I am posting in the hope that I might be able to pick up some tips. I am a first time mum with a beautiful baby girl who is 10 weeks old and being FF.

Baby sleeps well at night - goes to bed between 6.30pm/7.30pm, is fed at 11.15ish and for the last week has slept through until 6.30/7.00am. She is doing amazingly well.

At night she sleeps in our room in a tutti bambini thing and has a sleephead and my hummy bear for the white noise.

In the last 3-4 weeks she has learnt to self settle - she found her hands and is able to settle herself to sleep mostly. She is put down in her cot drowsy but awake and relaxed and usually is able to nod off herself. She is great and I realise that we are very lucky.

Her daytime naps are not quite so good - as she can't seem to sleep much longer than 35/40 minutes each nap. Sometimes she wakes up happy, other times she is crying but can't get back to sleep and my attempts to resettle her don't help.

During the day, I try to observe her tired cues and put her up to her cot before she gets too tired. She lies in her cot, usually eating her hands and is quite happy.
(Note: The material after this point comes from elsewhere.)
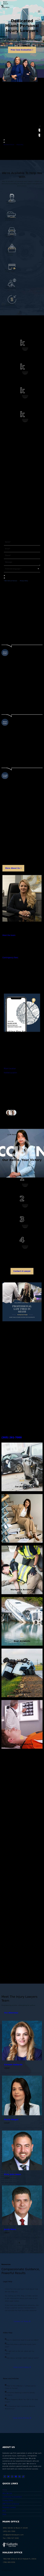 Gallardo Law Firm - Miami FL Lawyers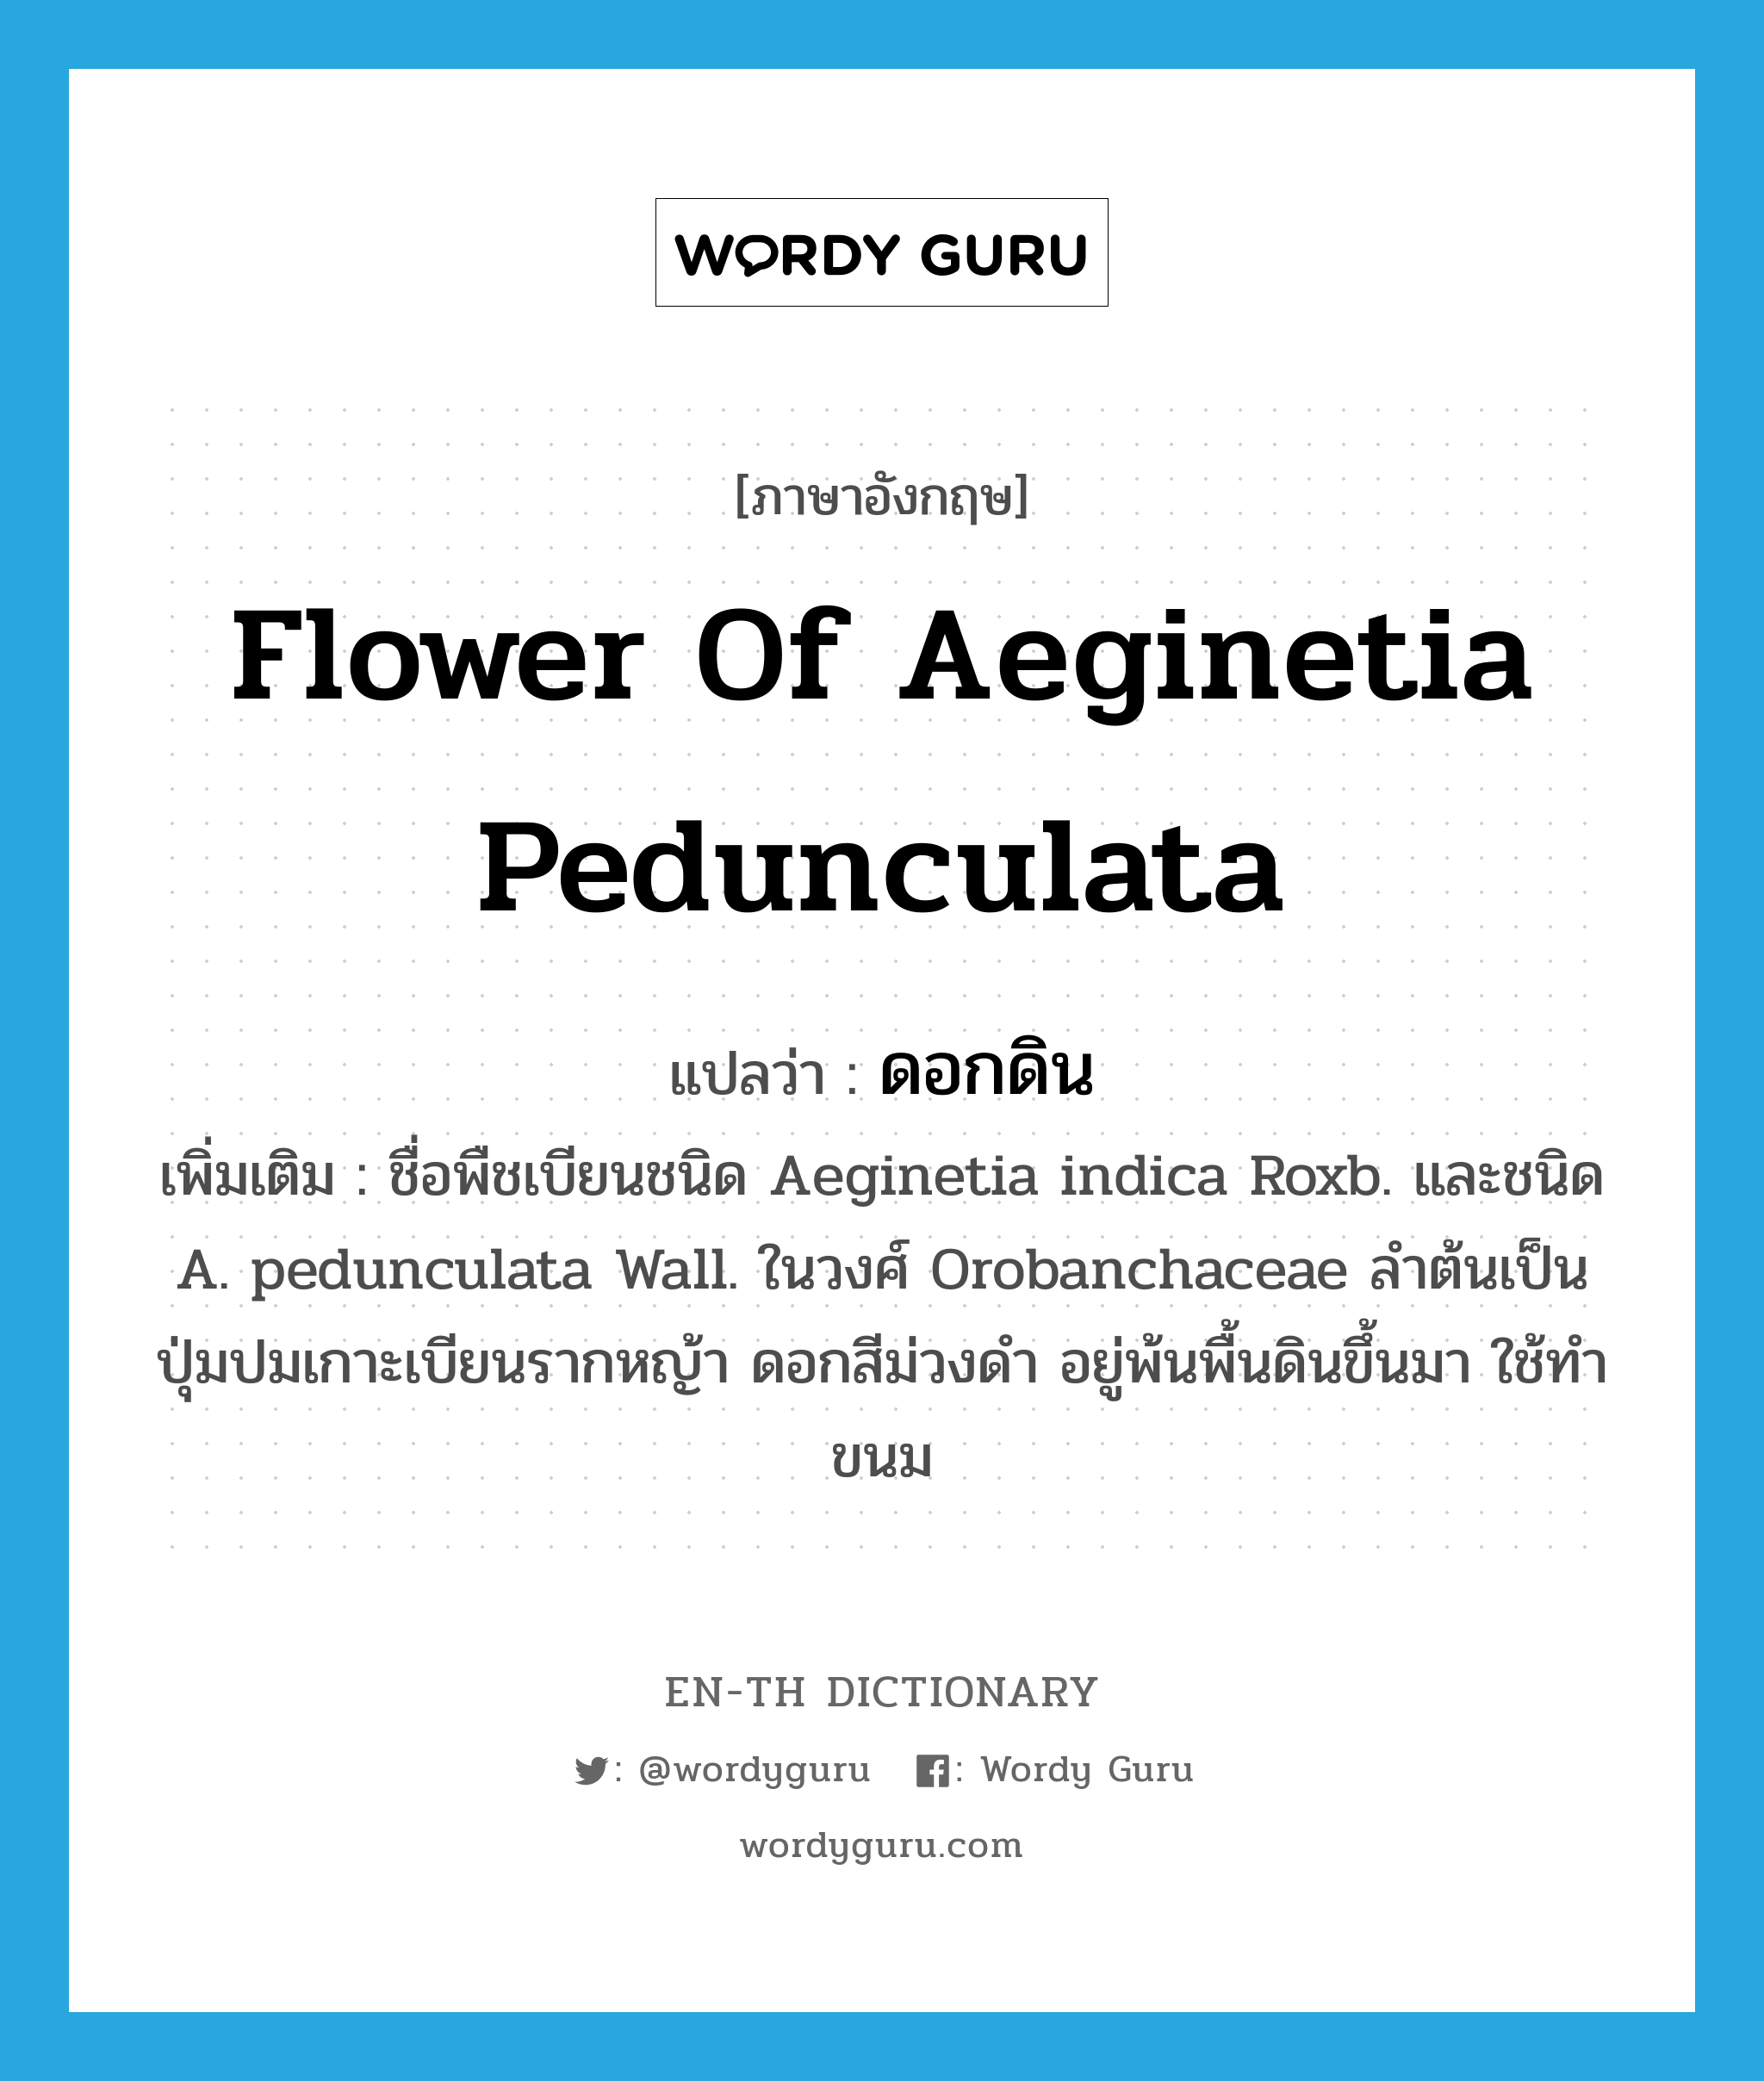 ดอกดิน ภาษาอังกฤษ?, คำศัพท์ภาษาอังกฤษ ดอกดิน แปลว่า flower of Aeginetia pedunculata ประเภท N เพิ่มเติม ชื่อพืชเบียนชนิด Aeginetia indica Roxb. และชนิด A. pedunculata Wall. ในวงศ์ Orobanchaceae ลำต้นเป็นปุ่มปมเกาะเบียนรากหญ้า ดอกสีม่วงดำ อยู่พ้นพื้นดินขึ้นมา ใช้ทำขนม หมวด N

She eventually settles herself and falls asleep - it can take anything from 5 - 25 minutes but then she wakes up after 35/40 minutes. Her daytime sleep environment is replicated - ie she has the same sleepyhead and hummy bear but she is in her own room - I had the same issue when she was in our room.

Based on her night time sleep and ability to sleep at bedtime I know she can resettle herself at night when she wakes up and inbetween the sleep cycles but she doesn't appear to be able to do this during the day and wakes after such a short space of time.

She is then tired again quite quickly and back in her cot - it seems like she spends all of her time upstairs, on her own - getting herself to sleep, sleeping for 35/40 minutes before the cycle starts again. She can lie there for ages trying to get herself to sleep and I feel bad she is up there on her own. However if I keep her downstairs she gets more tired, cries and gets miserable.

Can anyone help me try to extend babies day time naps a bit more than 35/40 minutes so she gets more rested sleep periods?

Any help would be gratefull received, thank you in advance and sorry for the long post!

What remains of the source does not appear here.